With Herrmann in-house and retired (from blogging, at least), only one of us is currently a member of the American Law Institute (“ALI”). That said, Bexis headed down to DC yesterday to attend the ALI’s annual meeting.
With the Aggregate Litigation Project now done, we’re finding the Institute’s meetings less white-knuckle than they used to be – but that’s not to say that they’re boring. Rather, there’s always something interesting going on when the ALI gets together.
Which means there’s something worthwhile to blog about.
This time it was the wrapping up of another ALI project – one that’s been going on for over a decade (since 1997) – the Restatement (Third) of Restitution and Unjust Enrichment. The last part of this project was brought to a final vote yesterday. It passed. True, the ALI grinds slowly, but its final product is finer than anything you’ll find just about anywhere.
One of the things that means is that a lot of the … umm, that’s quite a mouthful so we’ll just call it the “R3RUE” for short … was finished well before Bexis ever joined the ALI. Talk about being late to the party. But not knowing what went on has never stopped Bexis from putting his two cents in before, and it didn’t this time.

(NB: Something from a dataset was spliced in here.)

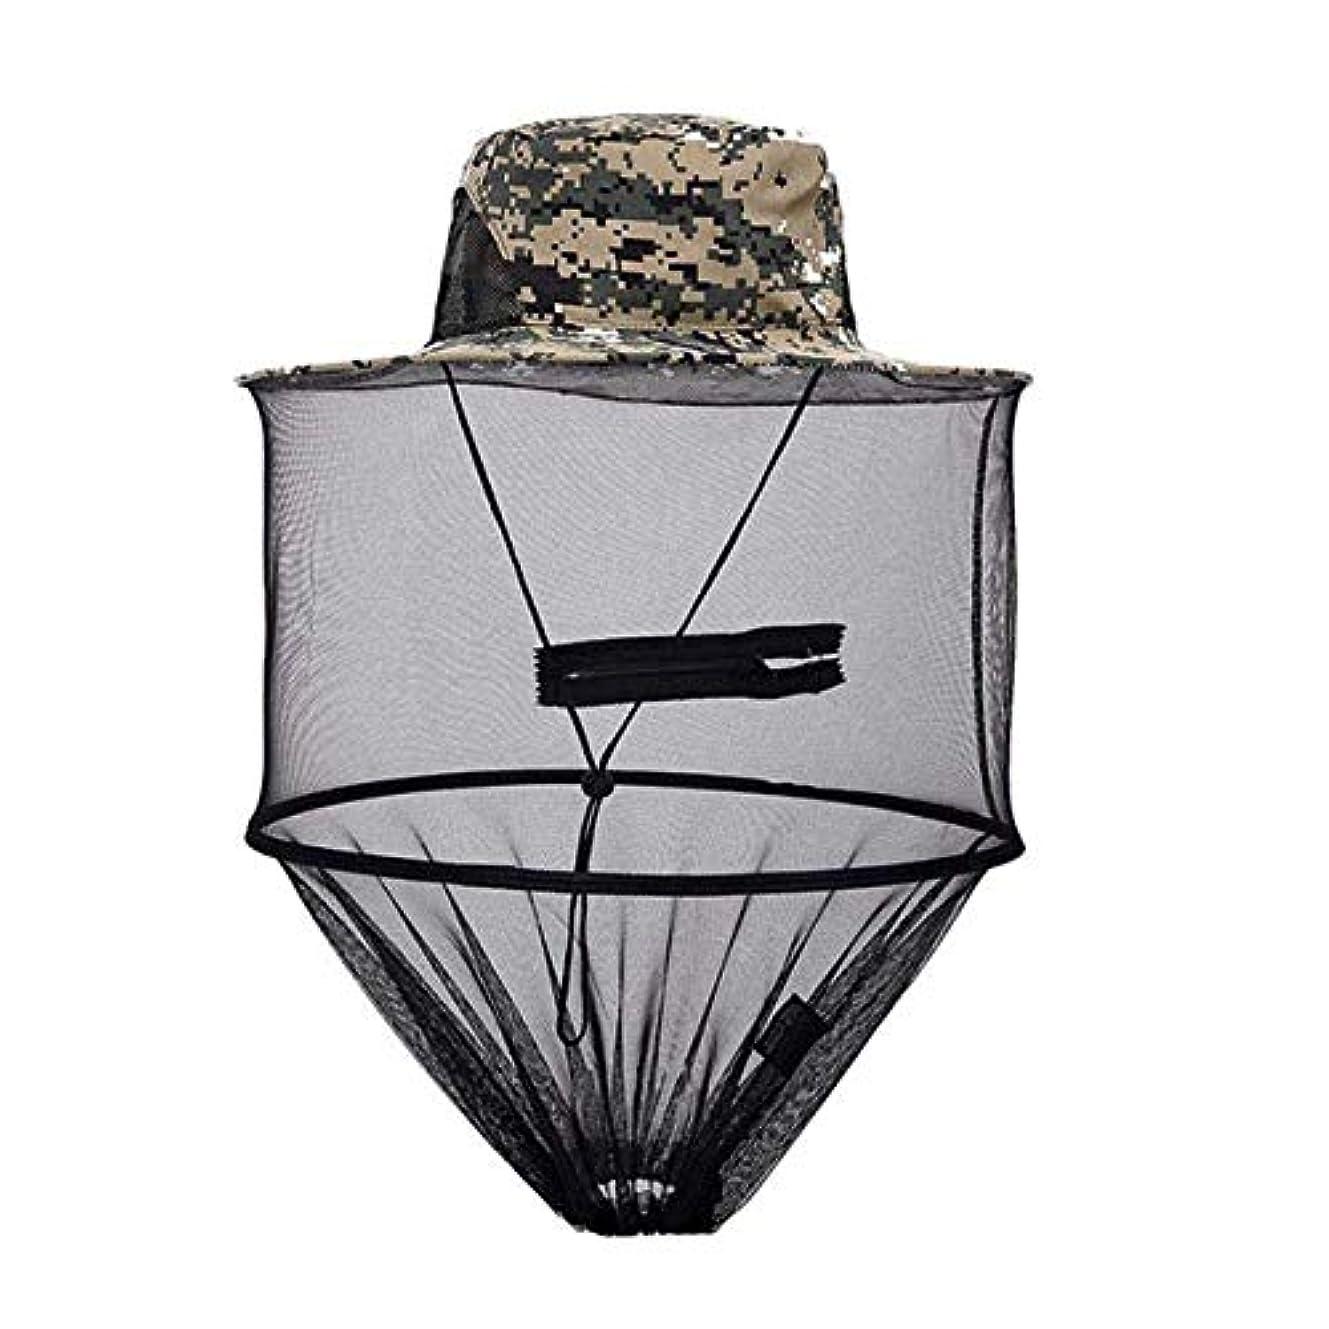 警報増強お別れSaikogoods アウトドアキャンプハイキング狩猟のためにネットメッシュ?ヘッドフェイスプロテクター 釣りの帽子蚊キャップ ミッジフライバグ昆虫蜂ハット デジタル迷彩

That last chunk of the R3RUE that was up for discussion included “defenses to restitution” – leading off with the most basic: §62 entitled “Recipient Not Unjustly Enriched.” This defense was described in the draft:
The defense stated in §62 may appear redundant. If a well-pleaded complaint alleges unjust enrichment, it must be a proper answer (and not an affirmative defense) to plead “no unjust enrichment.” . . .[T]he practical application of the present rule is to a more limited class of cases. These arise when the claimant alleges facts supporting a prima facie claim in unjust enrichment . . . but the recipient is able to show that the resulting enrichment is not unjust, in view of the larger transactional context in which the benefit has been conferred.
R3RUE §62, comment a, Tentative Draft No. 7 (March 10, 2010).
That got us (well, Bexis) interested when he read it on the train down to DC early yesterday morning. There’s a set of recent cases in prescription drug product liability litigation that seem to fit into the pattern described in this part of the R3RUE.